The new Community Hearth Health Actions for Latinos at Risk (CHARLAR) program, which originated in Denver (30.94%) before coming to Steamboat Springs (8.3% Latino population), arms Latinos with personal health knowledge they may not otherwise have.
“Many Latinos have poor dietary and health habits,” said Erick Ocampo, a community connector for Northwest Colorado Health that is running the program, in an interview with Steamboat Today. “Overeating, not exercising, and not getting help for health issues until the issues are very serious … In our culture, we don’t really care.”
In the summer of 2016, Ocampo started an “informal” 12-week CHARLAR class that tough local Latinos about the risk of heart disease, diabetes, high cholesterol, and preventative health care.
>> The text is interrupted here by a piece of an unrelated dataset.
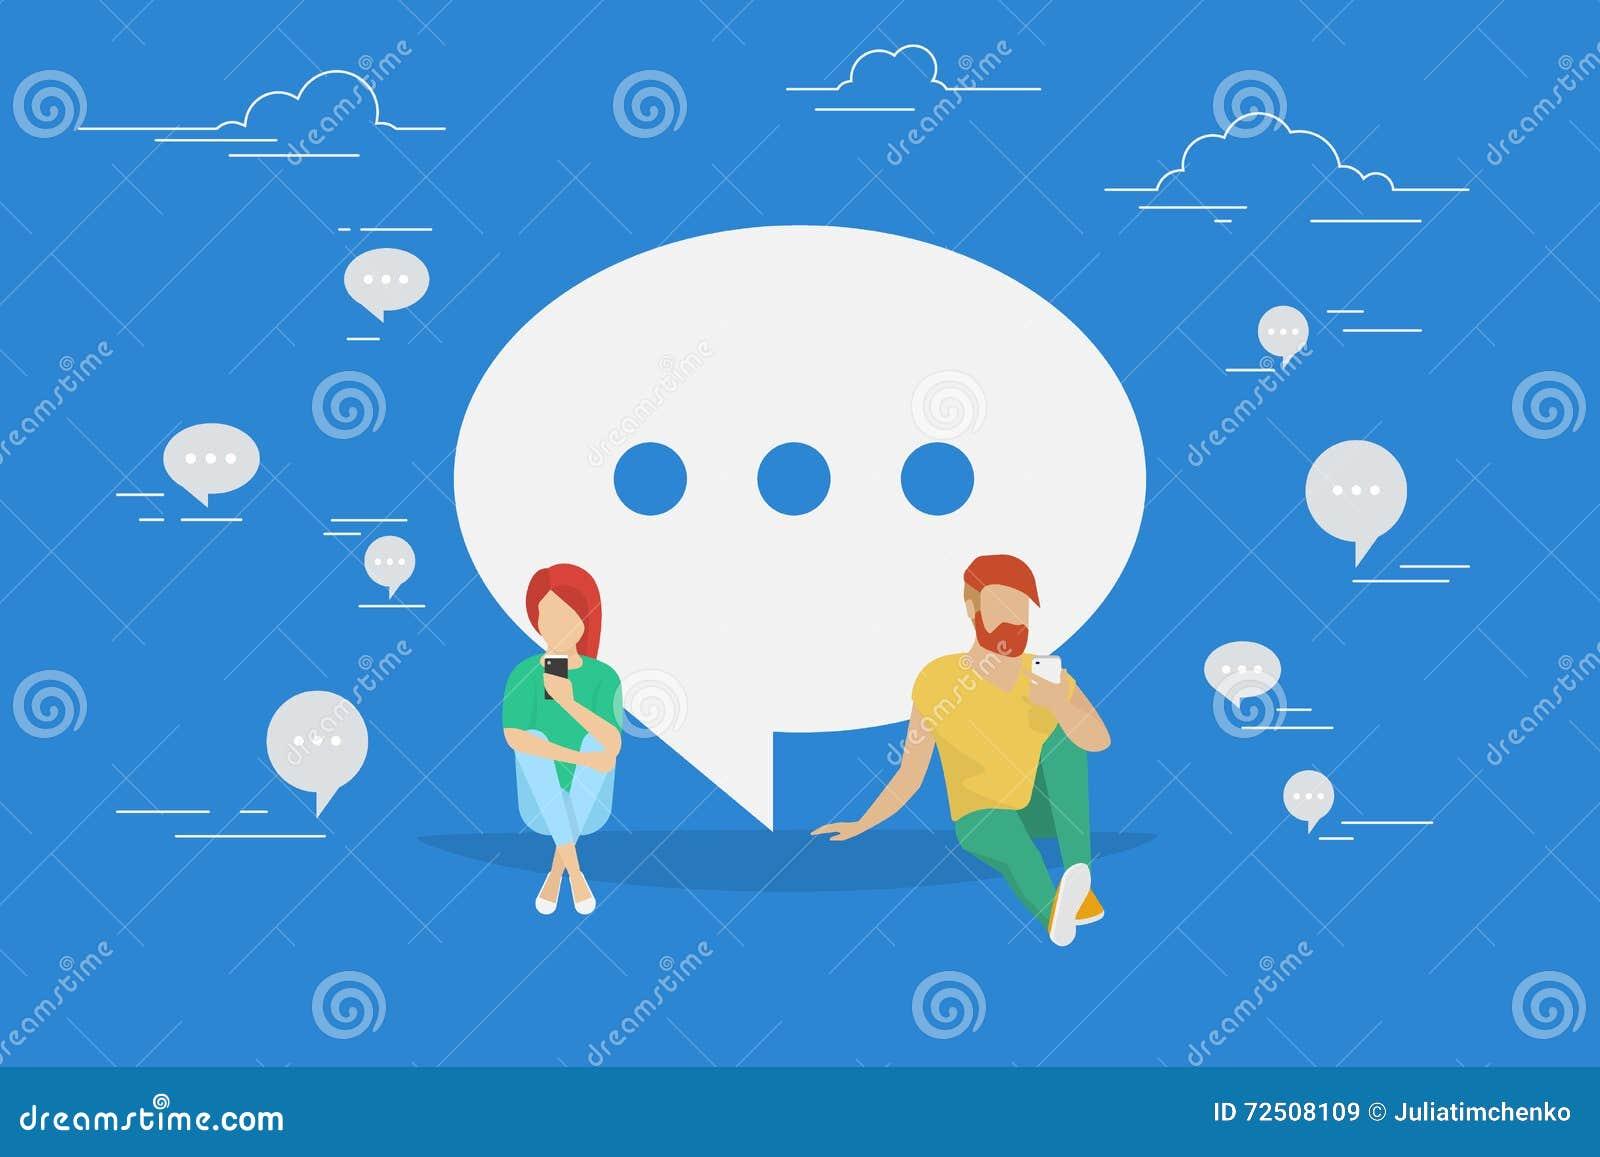 Chat Talk Concept Illustration Stock Vector

The classes are taught in Spanish and were open to all ages.
The class was able to overcome the isolation factor that most Latinos feel; from Ocampo’s experience, they primarily go to work and are at home, rarely socializing with anyone outside their own family and never attending functions such as these classes. By becoming a part of the community, Ocampo was able to earn their trust.
“I have learned that prevention is a key to save your life,” said Maria Villegas, a participant of the class in an interview with Steamboat Today. “You need to be able to recognize what the risks are if you have a sedentary life and poor eating habits.”